It is good to under-promise and over-deliver. Markets, in particular, respond favourably when things turn out better than expected. That, however, is not Donald Trump’s style. He has never knowingly undersold himself.
Ever since President Franklin Roosevelt’s first 100 days in office, in which the Depression-era leader initiated 15 milestone pieces of legislation, the roll-call of achievement in the first three months has become the benchmark of a president’s early success. Having published a list of 10 measures that he would implement in his own first 100 days, which ended on Saturday, President Trump cannot be surprised that he is now being judged on his performance against those campaign promises.
This matters to investors just as much as voters because Trump’s arrival in the White House galvanised financial markets with his promises to cut red tape, reform taxes and spend heavily on infrastructure. Between Election Day and the end of 2016, the S&P 500 Index rose by 5 per cent. By Trump’s inauguration in January, it was 6 per cent higher and by the end of February it had risen 12 per cent. Since then, however, the market has moved sideways. The Trump bump is in danger of morphing into a Trump slump if the new president doesn’t start to deliver.
Broken contract with America
So what is the scorecard for Trump’s first 100 days? He published a “Contract with the American Voter” in October, making it a simple enough test to undertake. Trump’s self-proclaimed “100-day action plan to Make America Great Again” laid out precisely how he should be evaluated. On that basis, he scores, if you’re feeling generous, 1 out of 10.
Six months ago, he promised America he would: cut taxes; prevent companies moving offshore; start a $1 trillion infrastructure spending plan; provide more school choice; repeal Obamacare; make childcare and caring for the aged tax deductible; end illegal immigration with a wall along the Mexican border; stop violent crime; boost the military and, as he put it, drain the swamp.
Of these, he has come closest on healthcare reform, in as much as a plan has been introduced and has passed the lower house of Congress. However, its chances for passing the Senate in any form are still slim. On the two issues that matter most to sharemarket investors – tax reform and infrastructure spending – there is even less to show.
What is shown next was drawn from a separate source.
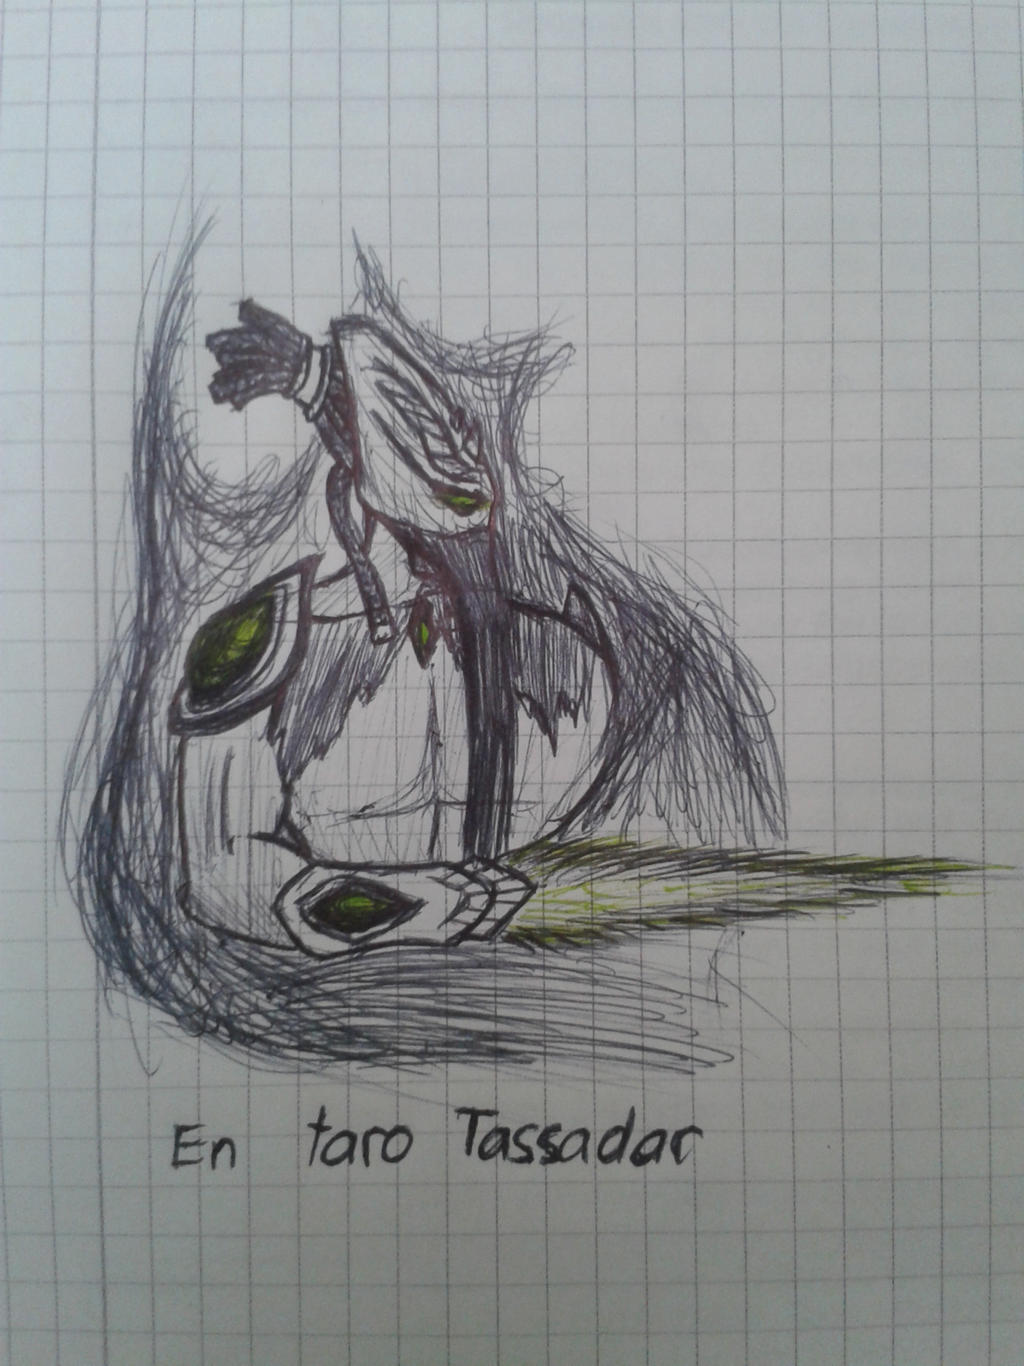 En taro Tassadar! by Tagrasso on DeviantArt

The tax reform road-map was thin on detail and even sketchier on how it would be funded. The principal idea, reducing the headline rate of corporation tax and simplifying personal taxes, is market-positive on its face. But with no hint of how it might be paid for, and America already $19 trillion in debt, there is next to no chance of the plan getting past the deficit hawks in Congress. Even if it does, the inflationary growth in borrowings it implies would merely trigger a more aggressive rate-tightening cycle from the Federal Reserve.
As for the infrastructure spending plans, Trump is fast running out of time. Building highways, airports, bridges and the like does not happen overnight and with a 40 per cent approval rating (much lower than recent presidents at the same juncture) there can be no guarantee that he will have the luxury of eight years in which to deliver these long-gestation projects.
What’s next
This is not to say the president has not been busy. He has signed nearly 30 other pieces of legislation and about the same number of executive orders. But these are just expressions of intent or reversals of measures the previous administration put into place. These make up the easy part of being president. The genius of the US presidential system is that it makes it hard for a maverick in the White House to do too much damage. It is working as the Founding Fathers hoped it would.
So if the past 100 days have been a disappointment for investors, what might the next 100 hold? There is an old adage that recommends investors “sell in May and don’t come back ’til St Leger Day”. Depending on when in May you choose to bail out of the market, it’s about 100 days until the horse race in September that ends the summer doldrums, according to this bit of market lore.
There is some evidence that markets do indeed perform better on average during the winter months than they do in the summer. Since 1970, the average gain for the S&P 500 Index between November and April has been nearly 9 per cent, while in the warmer months in the US, from May to October, it has been less than 3 per cent.
That is not the same thing as saying the market falls on average over the summer. If you are passing up the opportunity to make 3 per cent, on average, over a six-month period you need to find an alternative for your savings. Neither cash nor bonds will match that return at the moment. This comparison also disregards the trading costs involved in moving in and out of the market wholesale twice a year.
Another reason to disregard the ‘sell in May’ adage is that investors don’t trade in averages. For selling in May to be a useful strategy to investors it would need to be predictable. Our research into the past 20 years shows that, for the UK market, taking the summer off would have made sense exactly half the time. Sell in May worked in 10 years and failed in the other 10. It’s a coin toss.
The reality is that 100 days is too short a period from which to draw any meaningful conclusions, whether political or financial. But in investment, as much as in politics, under-promising and over-delivering is the best combination. Hopefully, expectations are low enough to provide that positive surprise this summer.
Tom Stevenson is investment director of Fidelity International.